Artivist Series - Marie Maltais
art center director
Video conversation with Marie…click here
What Marie talks about…
Marie says she was always interested in art. Art was a part of the culture she grew up in. Her father was a science teacher who exposed her to scientific ideas and conservation. He introduced her to recycling and composting long before these practices were popular. When she went to college her diverse background made it a struggle to know what direction to go.
Marie began focusing on water projects about 11 years ago during World Water Day. Her awareness grew out of a personal experience with owning a home with a depleted well. She gained appreciation for the value of water as a resource.
She was introduced to virtual reality be a house guest. It was a visual door that opened for her. She found a company who could take her vision and create the H2O – An Ocean of Science app. When the app is launched, you see a globe that rises out of a jet of water. The globe has markers on it. Each marker represents a location experiencing problems with water. Touch the marker and you see a picture and some basic facts as well as given links for more in depth study.
The comments of retired Canadian astronaut Colonel Chris Hadfield resonated with Marie. She reported he said” Science is how we understand things. Engineering is how we make things work. But when we want to communicate, we use art. Marie says that art is a way to help humans visually quantify large numbers. It makes these things real. Often when people hear statistics they turn off because the problem seems too big.
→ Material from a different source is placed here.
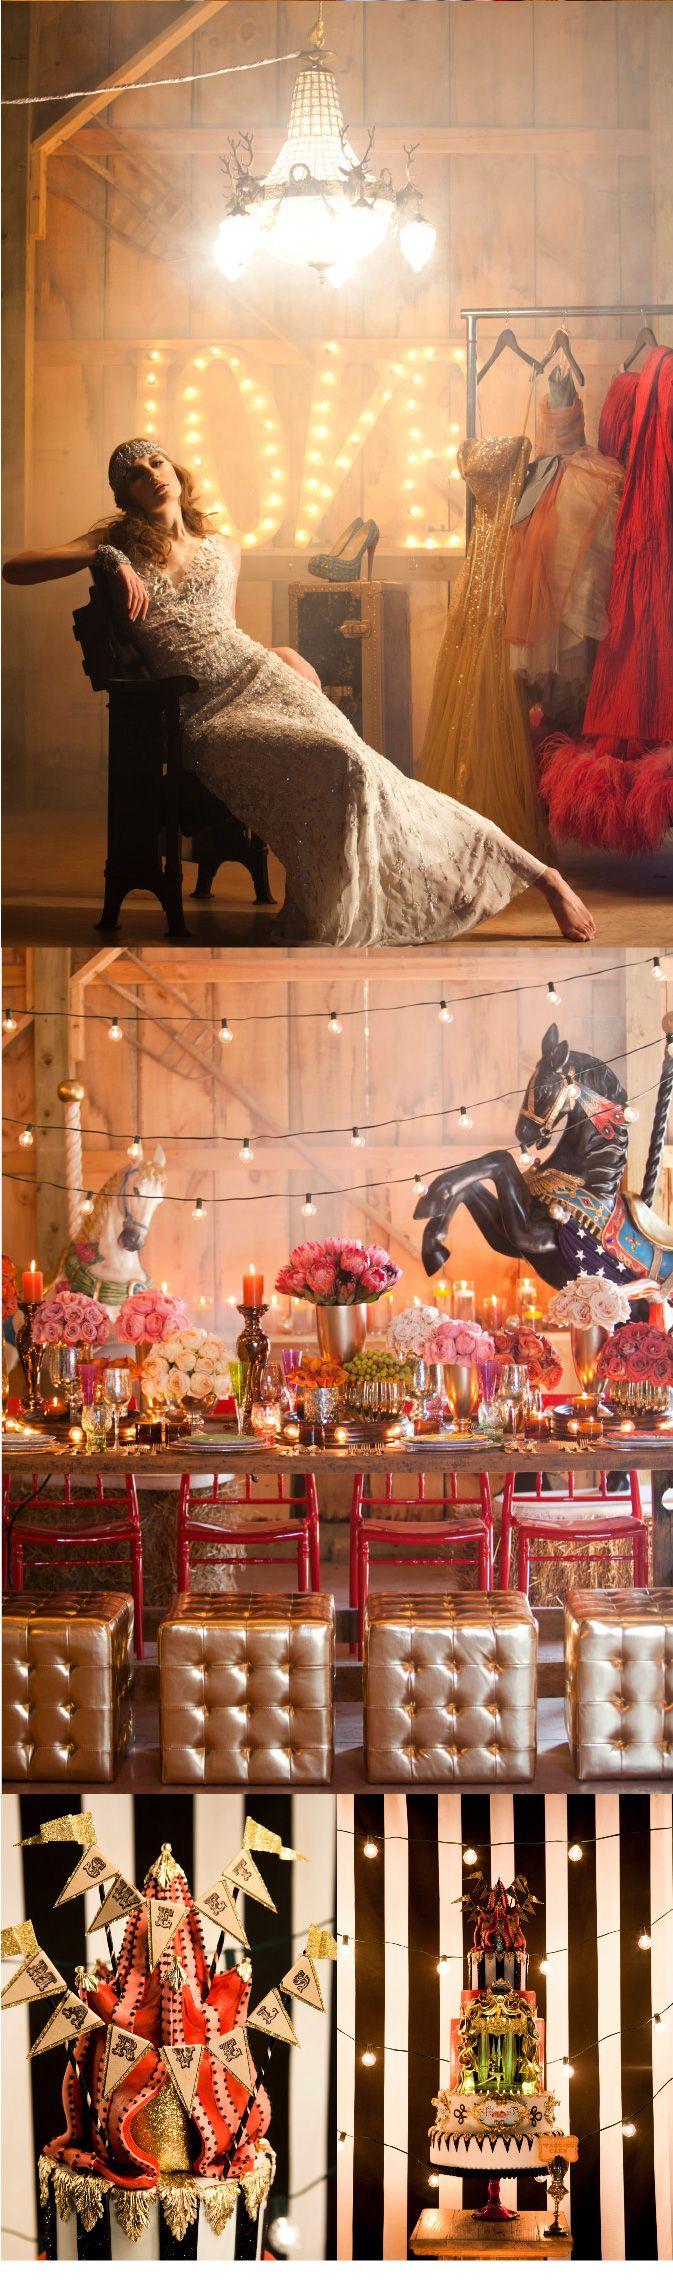 liebelein-will, Hochzeitsblog, Blog, Hochzeit, Kirmes: Circus Themed Wedding Inspiration.
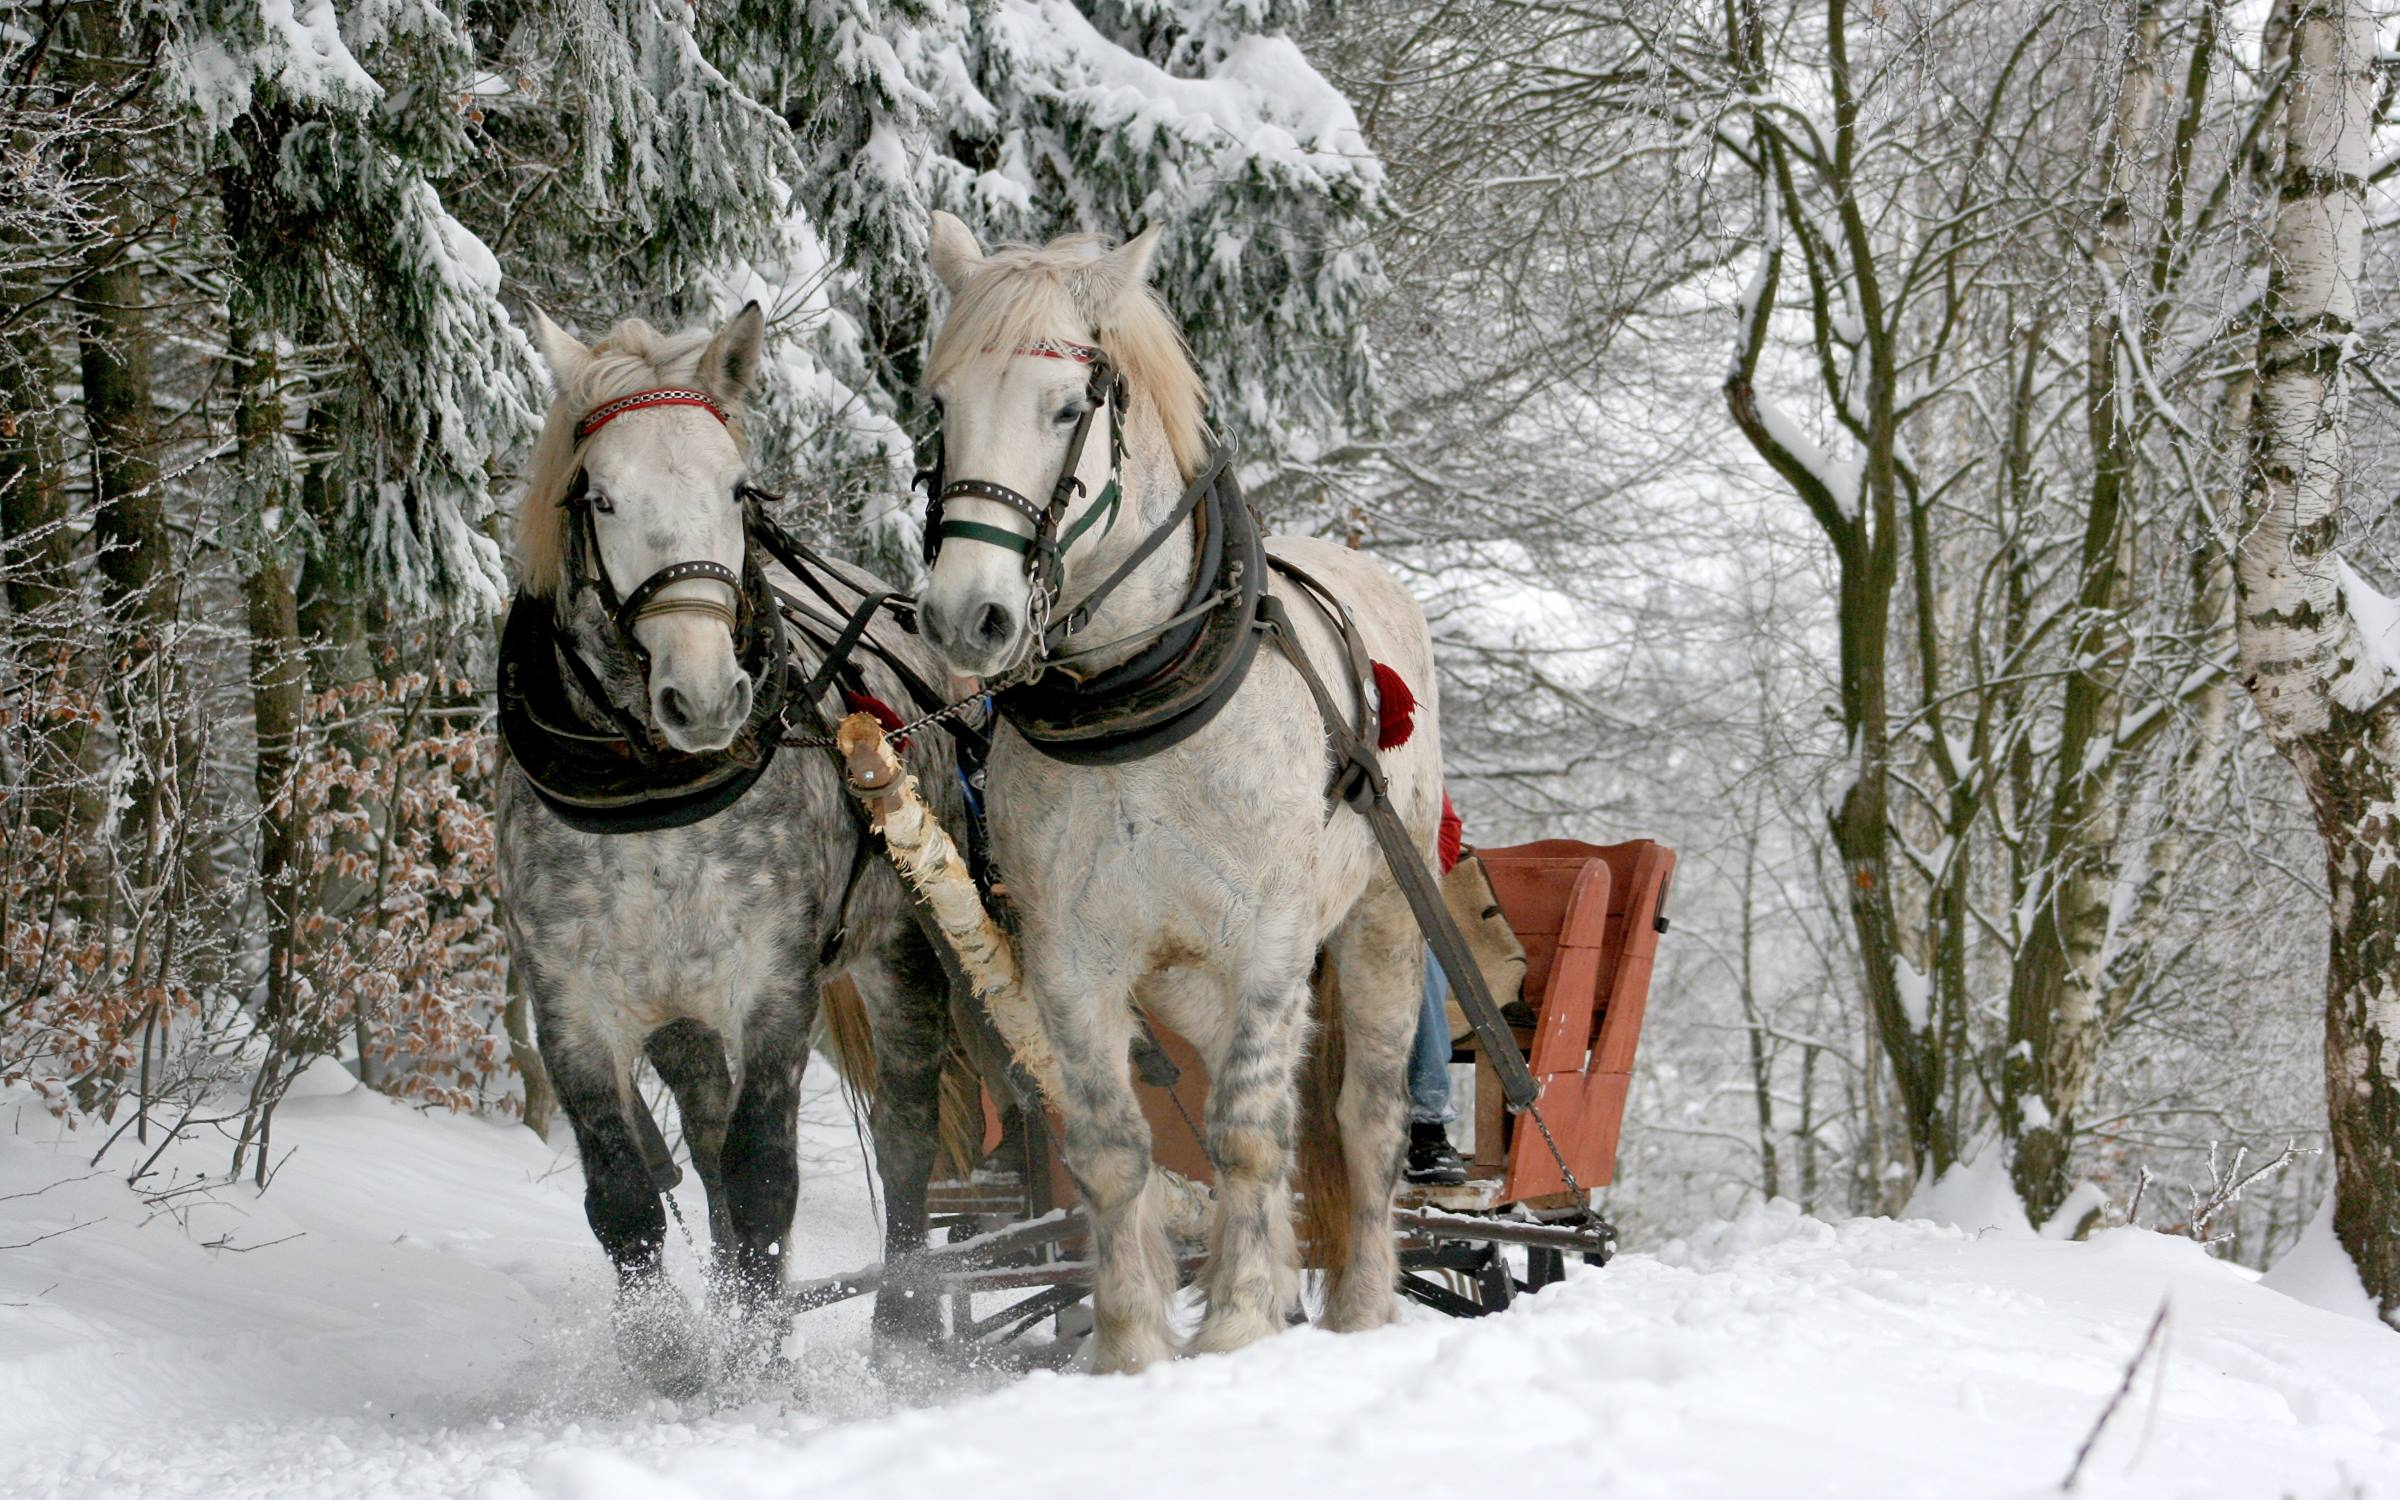 winter sleigh horses snow tress animals

However, she says that when the blinders are taken off, the problem can’t be avoided anymore. Marie says that technology has opened a huge platform for artists and she doesn’t believe that audiences will turn away from more traditional art in favor of technological art.
Show Notes
Pam Ferris-Olson (00:00): Today on the Women Mind the Water Artivist Series, I am speaking with Marie Maltais. Marie is the director of the art center at the University of New Brunswick in Fredericton. In addition to overseeing the center's collection, she pre notes that role of art in understanding the contemporary world and its role in the exchange of ideas and knowledge. The Woman Mind the Water podcast series engages artists in conversation about their work and explores her connection with the ocean. Through their stories, Women Mind the Water hopes to inspire and encourage action to protect the ocean and her creatures. I am pleased to welcome Marie Maltais to the Artivist Series podcast. In the last decade, Marie has been raising awareness about environmental issues through art. Her first project H2O: Liquid Measure was a maze of 6,500 plastic water bottles. The installation called attention to our disposable culture and its contribution to plastic pollution.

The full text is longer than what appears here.